The developer and fixer as I can't remember who makes it at the moment.

And I can't find the MC Imagine site either. It's got something to do with Mitsubishi.


----------



## Torus34 (Dec 20, 2006)

On loading 120 film -- free the film from the backing paper by ripping or cutting the tape so that the tape adhered to the film remains.  In other words, don't peel the tape from the film.

The tape-bearing edge of the film is now significantly stiffer and can more easily be inserted into the reel.


----------



## Don Simon (Dec 21, 2006)

/\
||

Good advice! I also found it incredibly difficult to get 120 film onto reels until I worked that one out. Personally I cut the tape just a little bit after the end of the film, then fold that tape over the film.


----------



## ferny (Dec 22, 2006)

I've seen the tape suggestion but I've also seen people say to make sure you take the tape off just in case it contaminates the chemicals.

The problem I had was that I'd never handled 120 film before. And the place where I loaded it onto the spiral wasn't ideal. I was propped up against me bed with a chair in front of me and my duvet covering everything. Got very hot and bothered and there was no room to do anything. Then I realised I had my sub on and that has a green light. :mrgreen: So I decided to go out, waste a roll of film and learn how to load it up in the light. Thinking back now I could have put the roll I was using into my tank and put the lid on. That way I wouldn't have worried about the light from opening my door ruining the film. 
Once I'd done it in the light I found it easy in the dark.

Still, it was better then when I put 35mm onto a reel for the first time. Cramped under the stairs with lots of light leaks. Never bothered the film though.


Right, looks like the site is working at last.

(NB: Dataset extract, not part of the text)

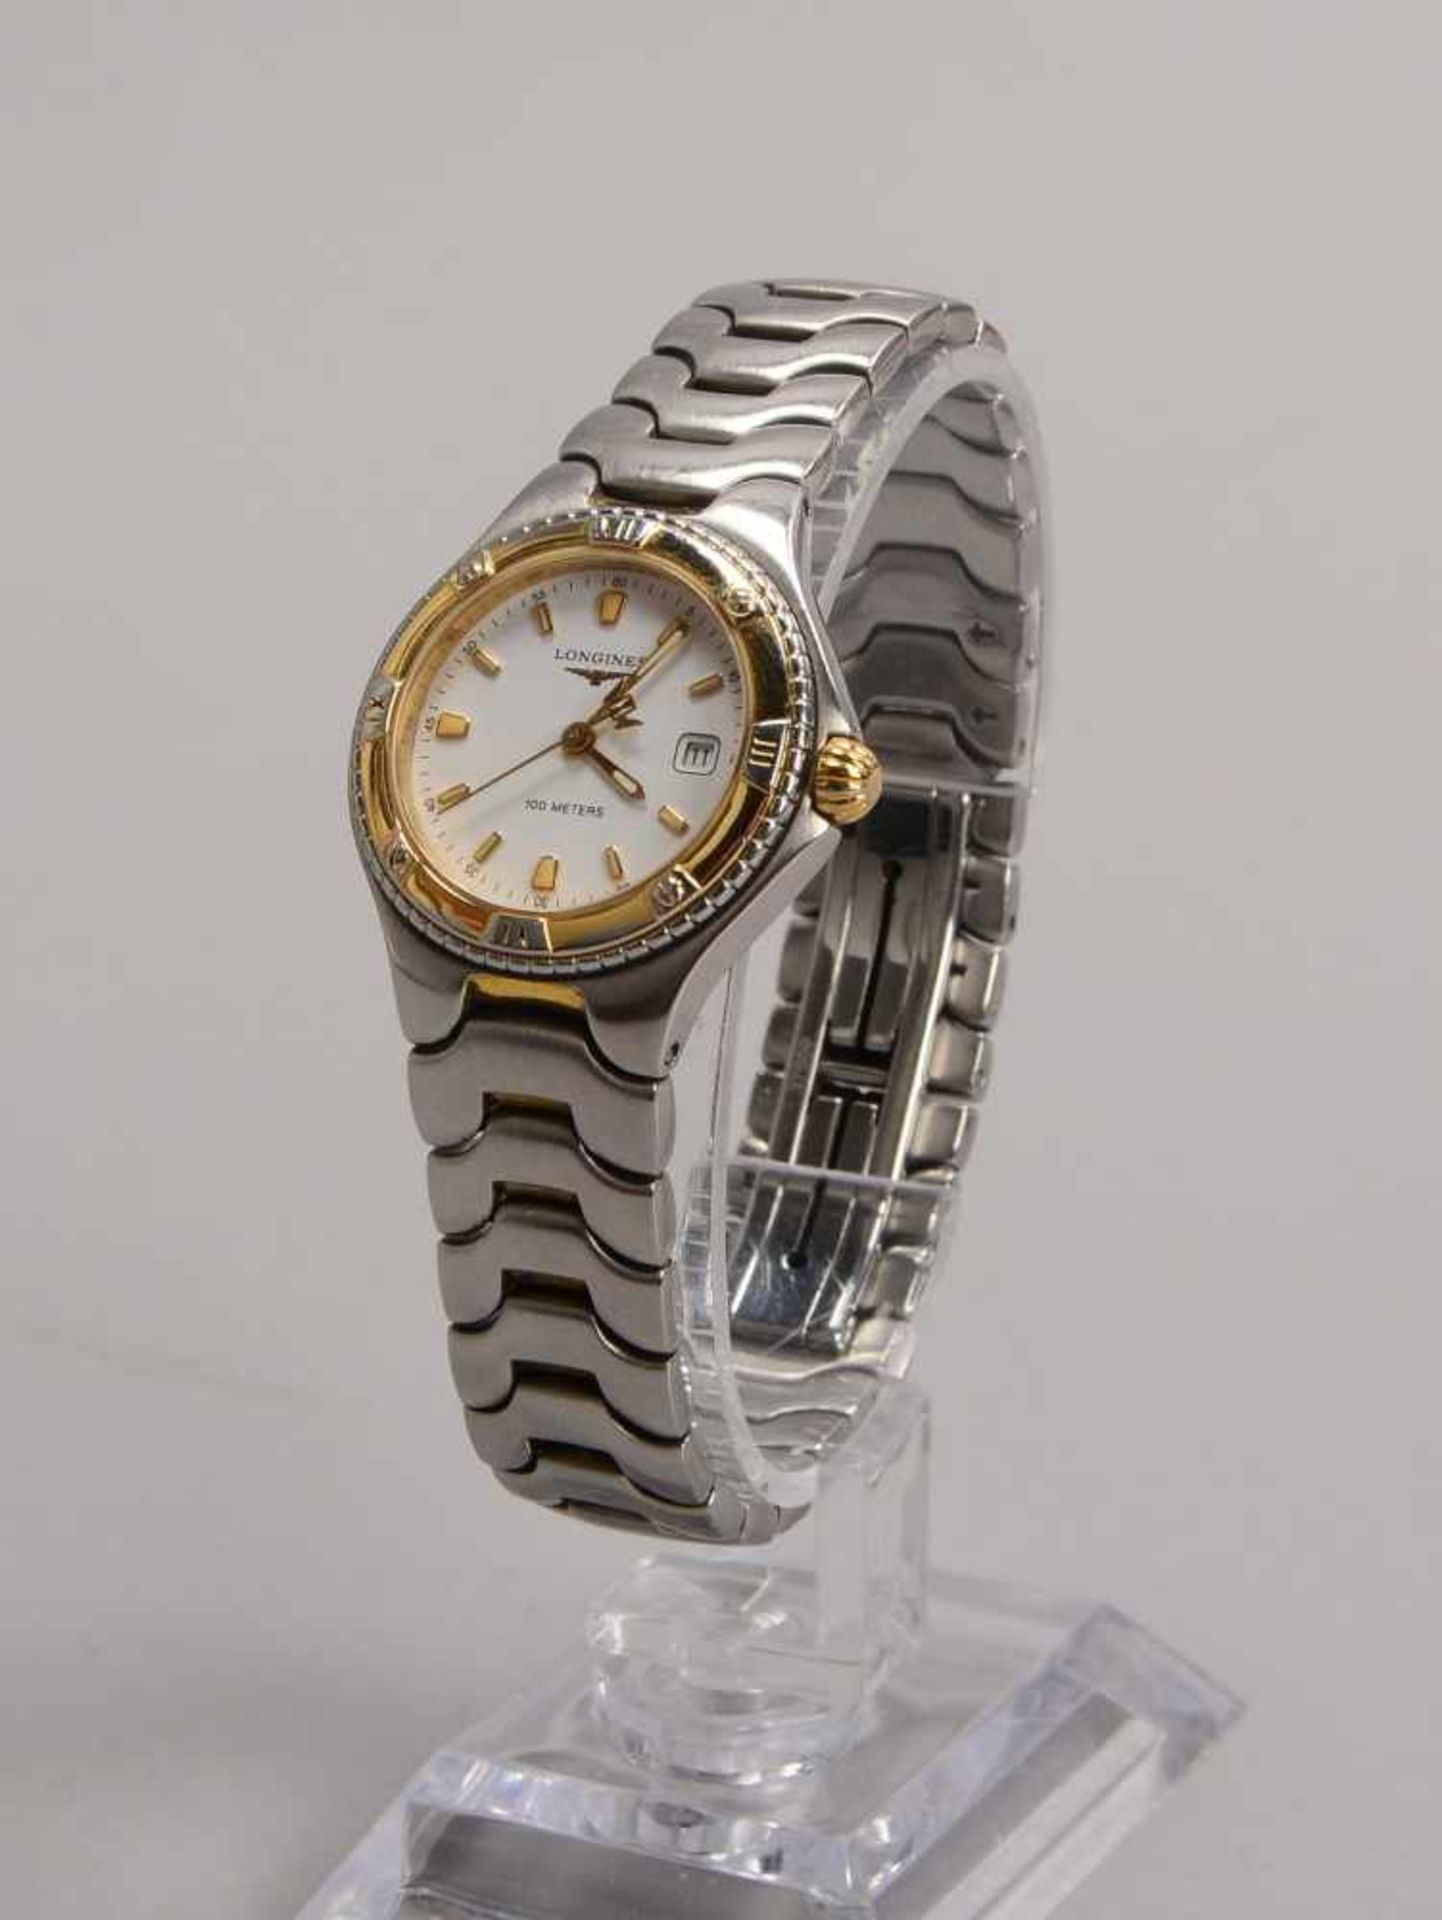 Damen-Armbanduhr, Longines, Edelstahlgehäuse/teilweise vergoldet, Quarzwerk, weißes Ziffernblatt mit
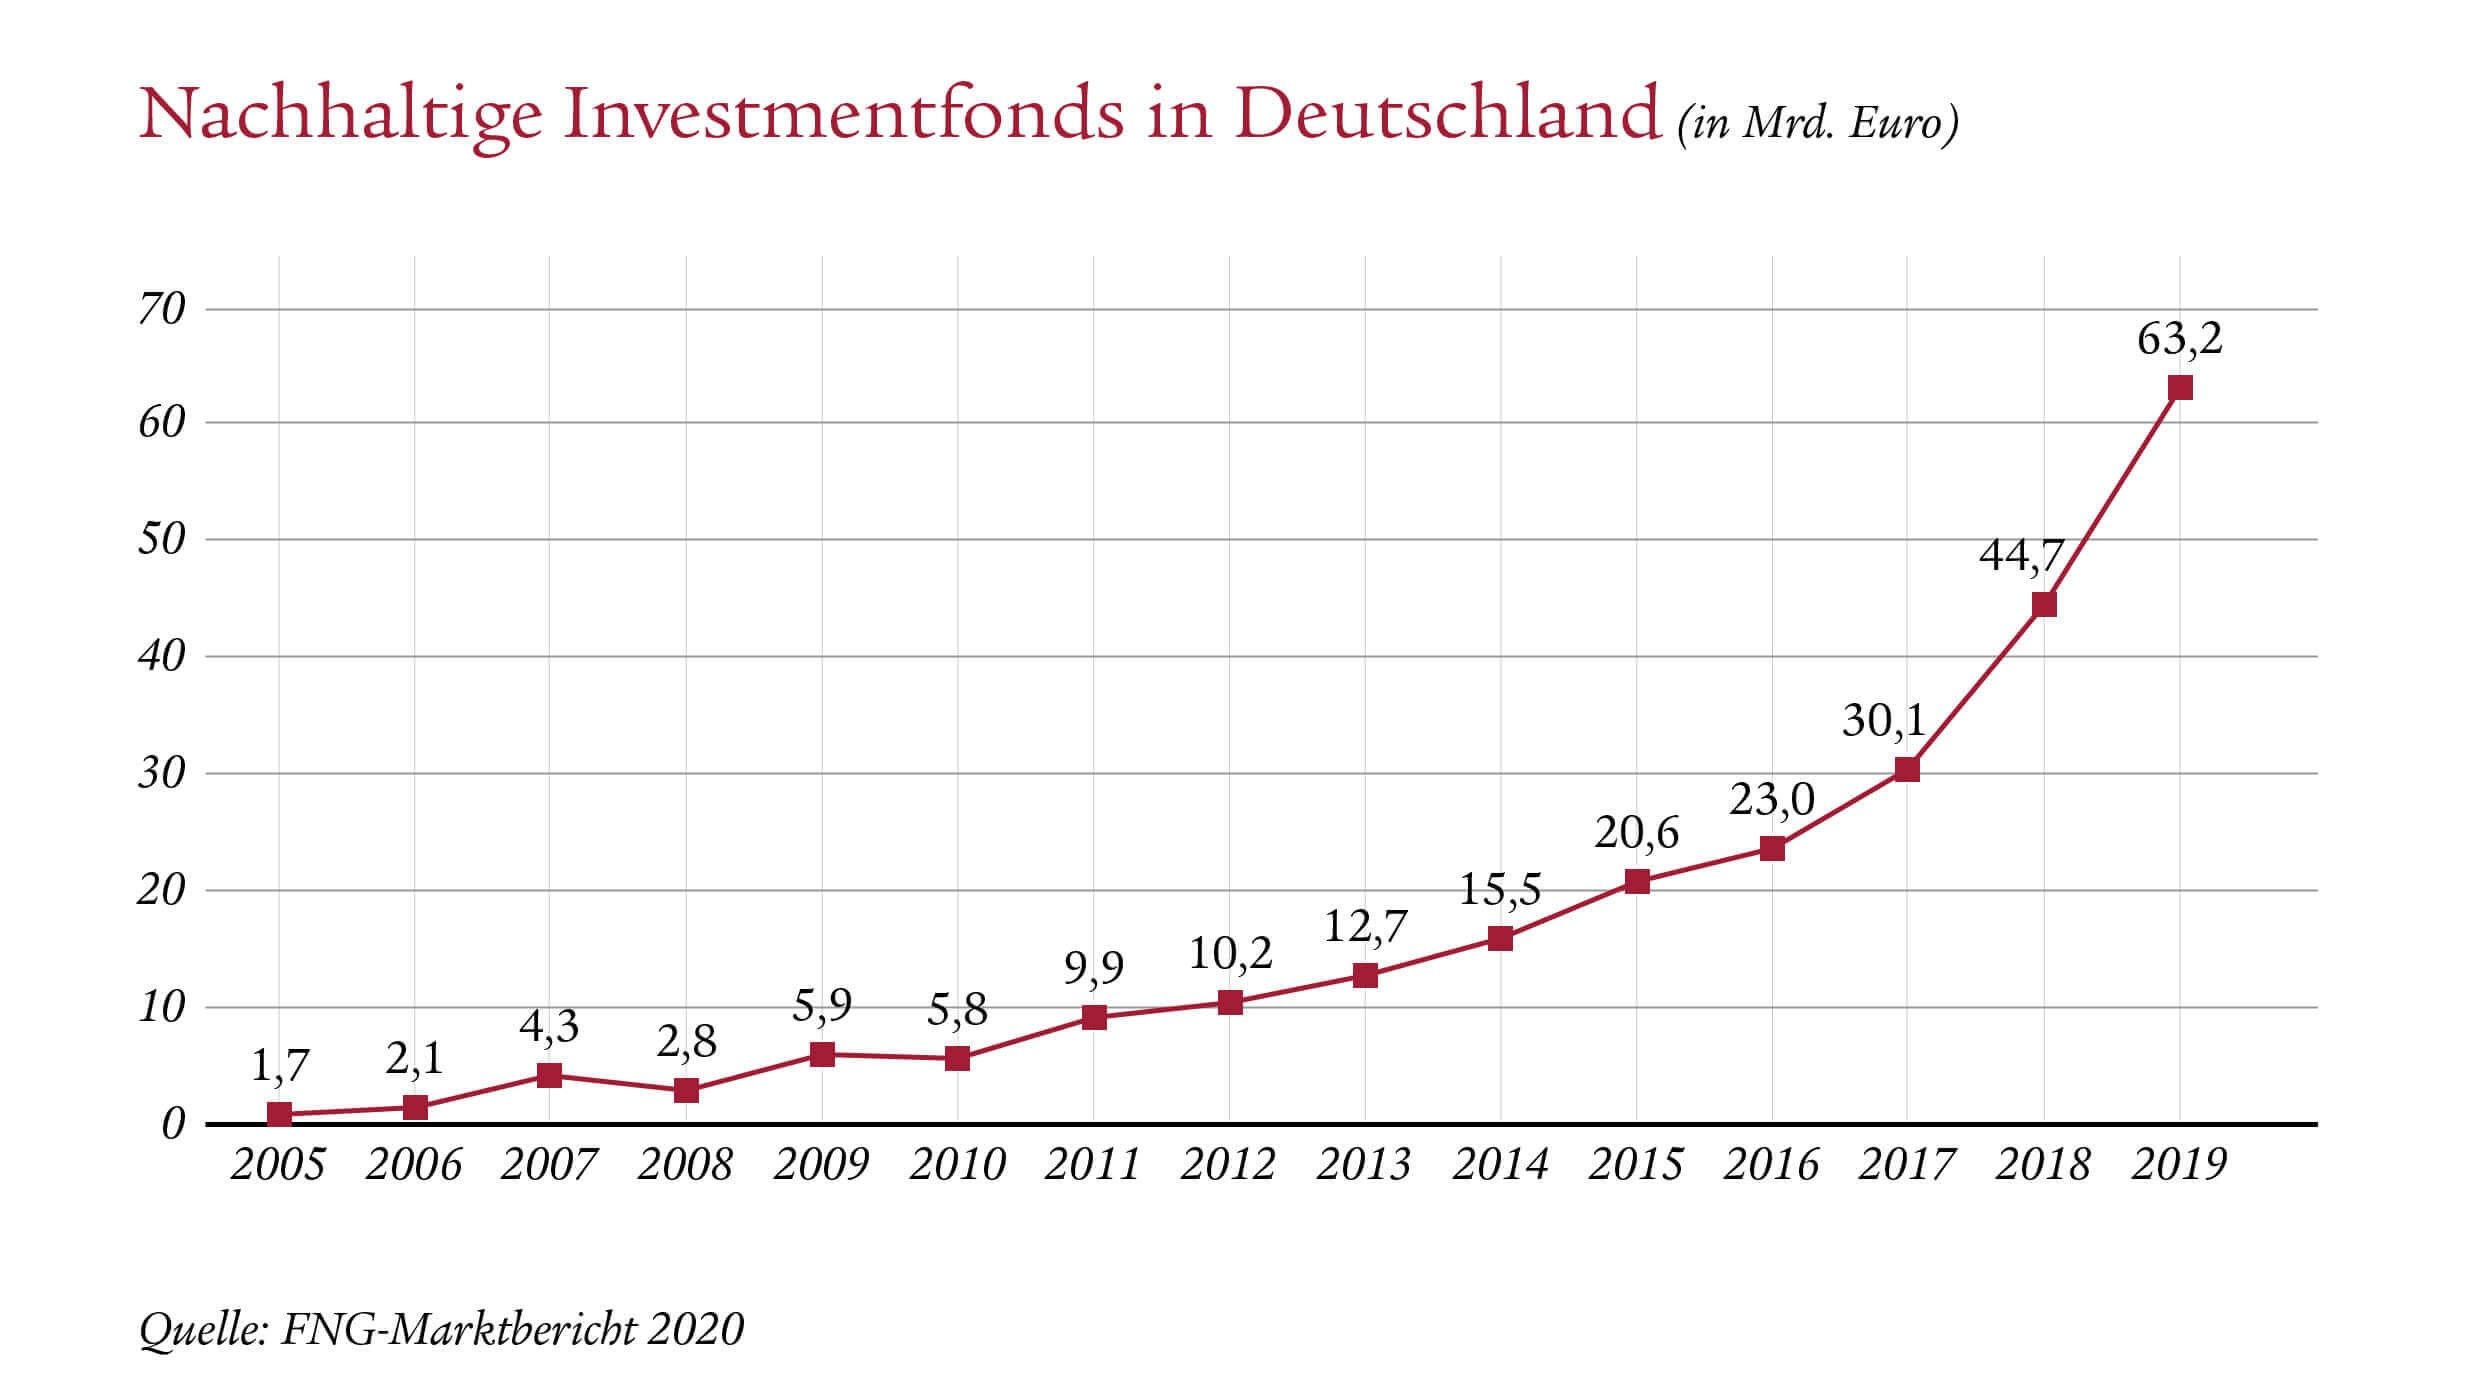 Nachhaltige Investmentfonds in Deutschland werden jedes Jahr beliebter. Das Investment steigt jährlich an.

The first B&W I developed. Scanned negs.
http://www.blueyedmuffin.co.uk/arse/?p=13

My new toy.
http://www.blueyedmuffin.co.uk/arse/?p=14

Some of my scanned Holga negs. Like I said, theyr were just test shots to see what would happen. How good the camera was, find out about the leaks, get an idea of how strong the flash is (very strong!), etc.
http://www.blueyedmuffin.co.uk/gallery/index.php?gallery=./holga/scanned negatives


----------



## terri (Dec 22, 2006)

Your site is still taking forever to load. I think it hates the idea of people looking at it. :meh: 

I'll keep trying, though. I'm excited for ya! All these kewl new toys, and it sounds like you're really playing with them. This is great!!! :cheer:


----------



## Torus34 (Dec 22, 2006)

Leaving the tape on the film will not affect the chemicals.  My credentials?  BS Chem.


----------